In 2024, when Trump was relying on bigotry and white nationalism to weasel his way back into the Oval Office, he suggested in an interview that migrants are predisposed to murder because it’s in their “genes.”
“How about allowing people to come to an open border, 13,000 of which were murderers, many of them murdered far more than one person, and they’re now happily living in the United States,” Trump told right-wing radio host Hugh Hewitt. “You know, now a murderer — I believe this — it’s in their genes. And we got a lot of bad genes in our country right now.”
Here’s what I wrote about Trump’s remarks at the time:
Besides the fact that Trump is continuing to lie about migrants causing a surge in violent crime in America — an oft-repeated assertion that is not remotely supported by violent crime data from any reputable database — the white nationalist who is dangerously close to being elected to the White House for a second time is echoing the eugenics movement. He’s echoing the Ku Klux Klan’s belief in the genetic superiority of white people. He’s echoing Nazi Germany. (This is as good a time as any to remind you that JD Vance once compared Trump to Adolf Hitler before he became the racist Robin to Trump’s bigoted Batman.)

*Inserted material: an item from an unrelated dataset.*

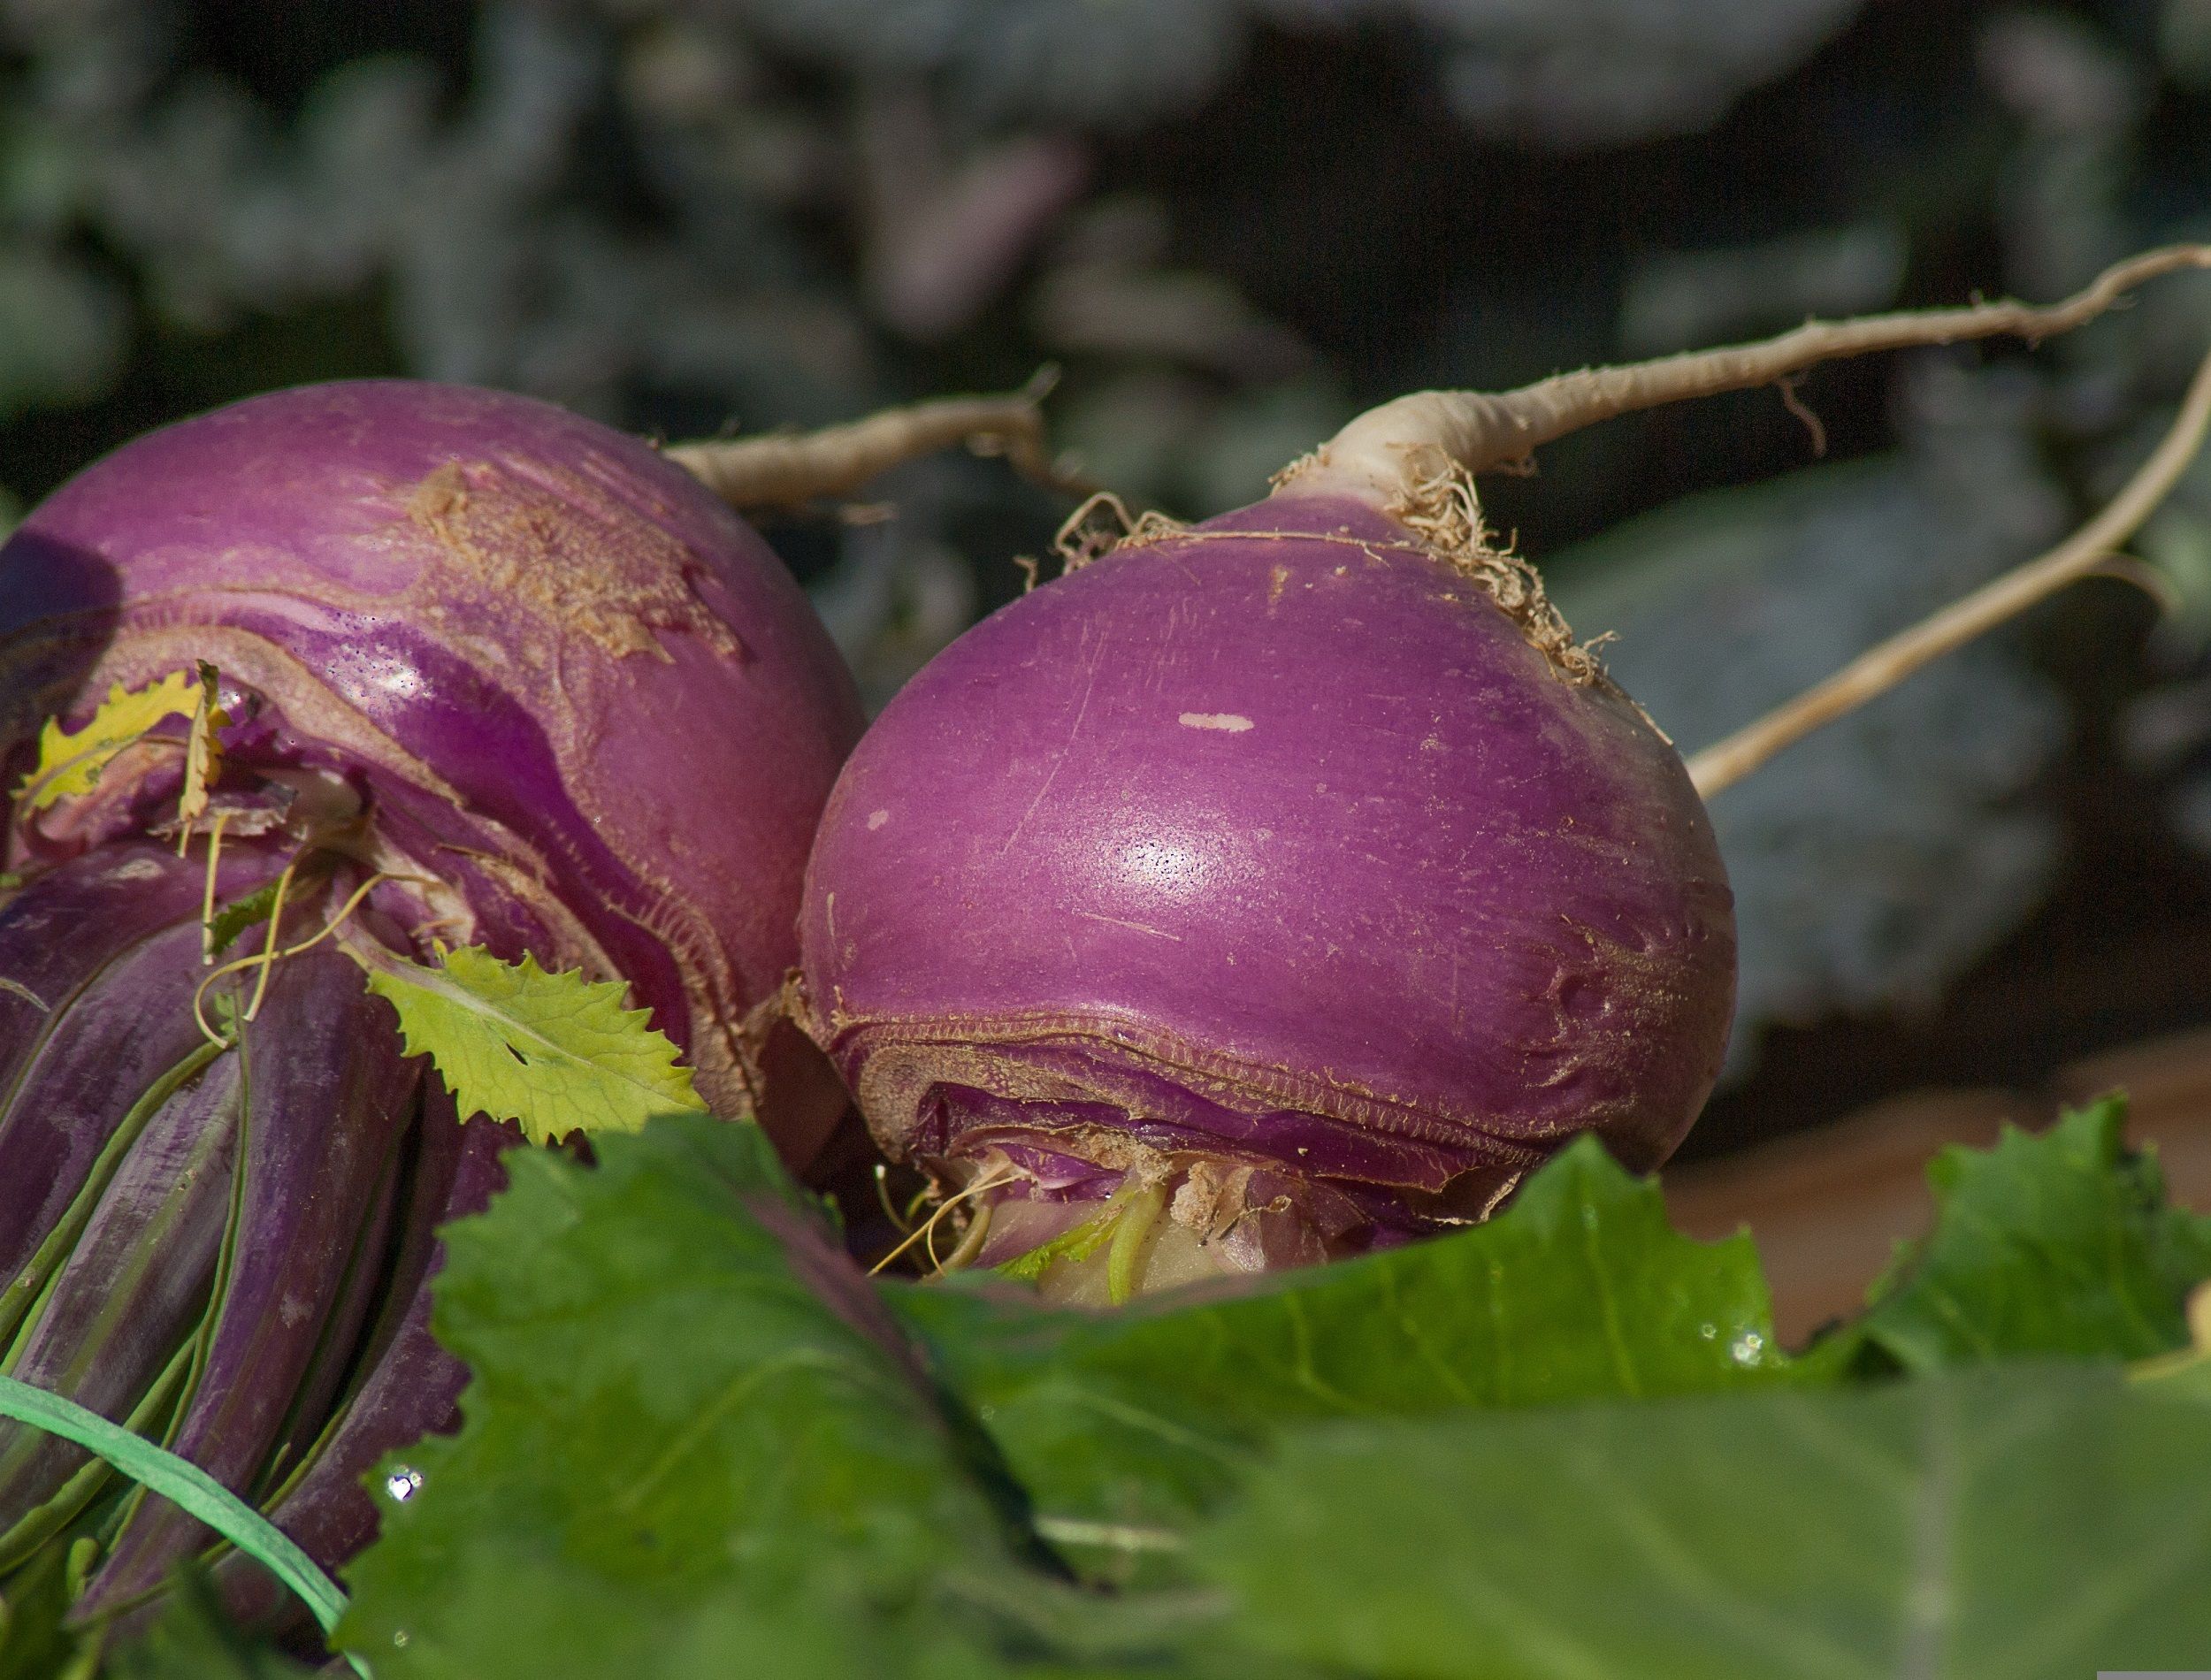 Turnips growing outside

Mind you, this isn’t the first time Trump has resorted to the kind of rhetoric that had former KKK Grand Wizard David Duke accusing him of jacking his political style a few years ago. Back in the early stages of his first presidential run — around the time when he was generalizing Mexican immigrants as “rapists” who are “bringing drugs” and “bringing crime” into the U.S. — he baselessly claimed Mexican migrants were bringing “tremendous infectious disease” to the U.S., which is easily comparable to a 1941 Nazi propaganda poster that read, “Jews Are Lice: They Cause Typhus.” More recently, he said that immigrants are “poisoning the blood” of the country, which is about as neo-Nazi-ish as a person can sound without just flat-out shouting “Heil Hitler!”
So, yeah — there’s a pattern here.
It’s almost as if one has to have the complexion for protection in order to have nice things said about their genes by Trump.
Last week, during a Medal of Honor ceremony at the White House, Trump spoke about the family genes of U.S. Army Staff Sgt. Michael H. Ollis, who received a posthumous award.
“The genetics in that family are very strong, right? I said that before all three families, I said, ‘Good.’ I see some of the young ones today, and I said, ‘You have good genes.’ They were asking me, ‘What does that mean?’ I said, ‘Don’t worry about it. You’ll figure it out.’ But you have the best genes you can have, actually,” Trump said.
We reelected a white supremacist, y’all. There’s really no two ways about it.